In short, Bubble-ology situates students as STEM-ologists as they investigate, calculate, draw conclusions, and substantiate their conclusions with experience-based evidence. Students are challenged to be and become scientists as they engage in many of the science and engineering practices identified as essential by the Next Generation Science Standards (NGSS): Asking questions and defining problems, planning and carrying out investigations, analyzing and interpreting data, and engaging in argument from evidence. The practices are applied to cross-cutting concepts from NGSS (patterns, cause and effect, and scale, proportion and quantity) and situated in disciplinary core ideas from Physical Science and Engineering, Technology, and the Application of Science.
The module begins by challenging students to investigate the properties necessary in order for an object to be a bubble-maker. Next, the concept of utilizing standard units of measurement is situated in a quest to determine which dish-soap solution makes the biggest bubbles. Students are challenged to blow and measure the diameter of three bubbles for each dish-soap solution under investigation. Next, they calculate the average bubble size for each solution they’ve tested and work together to calculate a grand average (average of averages) for each soap. Other activities within Bubble-ology include, “The Chemistry of Bigger Bubbles,” “Bernoulli’s Bubbles,” “Predict-a-Pop” and “Longer Lasting Bubbles” (Barber, 1986). Years ago, I extended the module to include a grand finale: putting teachers and students inside giant bubbles using the ideal bubble solution that evolved out of the bubble-ologists’ investigative endeavors.

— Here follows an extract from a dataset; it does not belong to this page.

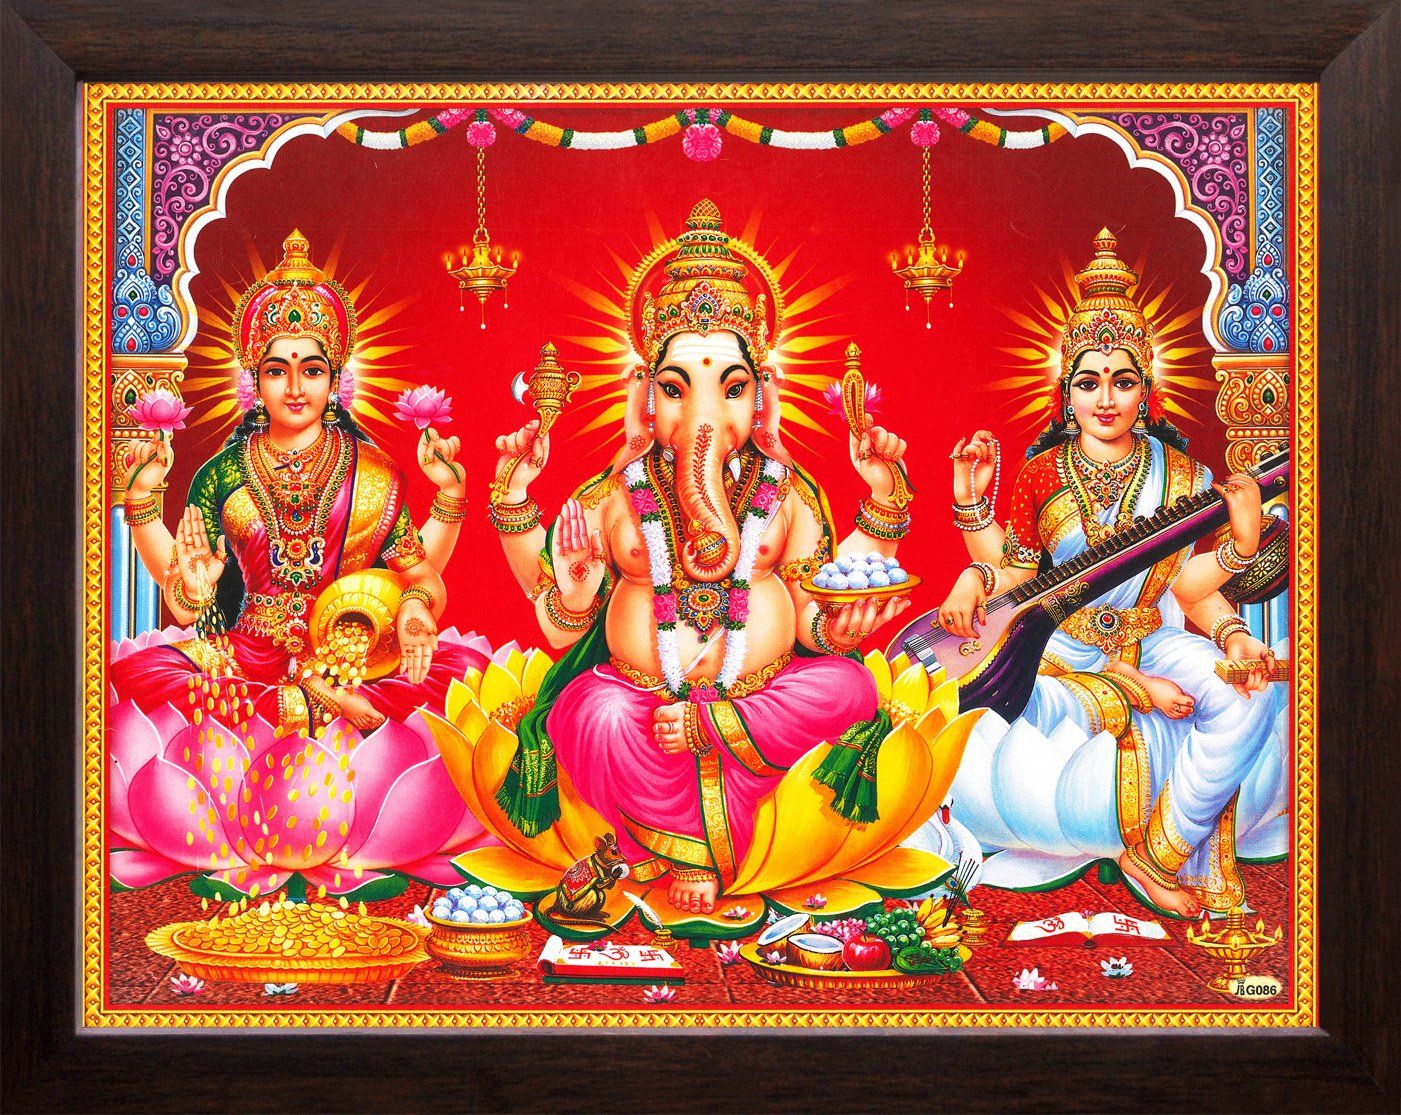 Art n Store Mata Lakshmi with Devi Saraswati and Lord Ganesha HD Printed Acrylic Sheet Picture with MDF Board Frame (30 X 23.5 X 1.5 cm, Brown): Amazon.in: Home & Kitchen

Bubble-ology is one of the most meaningful ways I’ve found to introduce students to the concept of measurement and the process of calculating averages (as well as distinguishing between mean, median, and mode). Learners of all ages are motivated to measure the bubble ring left when their bubble pops. Whether measuring with a standard ruler, an inch-worm ruler, or unifix cubes, students are eager to see how big their bubble was and quick to challenge one another’s thinking if and when measurement errors or outliers occur.
I began using this curriculum as a middle school teacher in 1996 and continued using it – with modifications – all the way through undergraduate teacher education. In the final example, teacher candidates experienced the lessons as students first, then facilitated them with fifth grade students as an introduction to the teaching profession. In each case, students of all ages enjoyed the challenge of creating bubbles, engineering the ideal bubble recipe, and working collaboratively to put one another inside giant bubbles.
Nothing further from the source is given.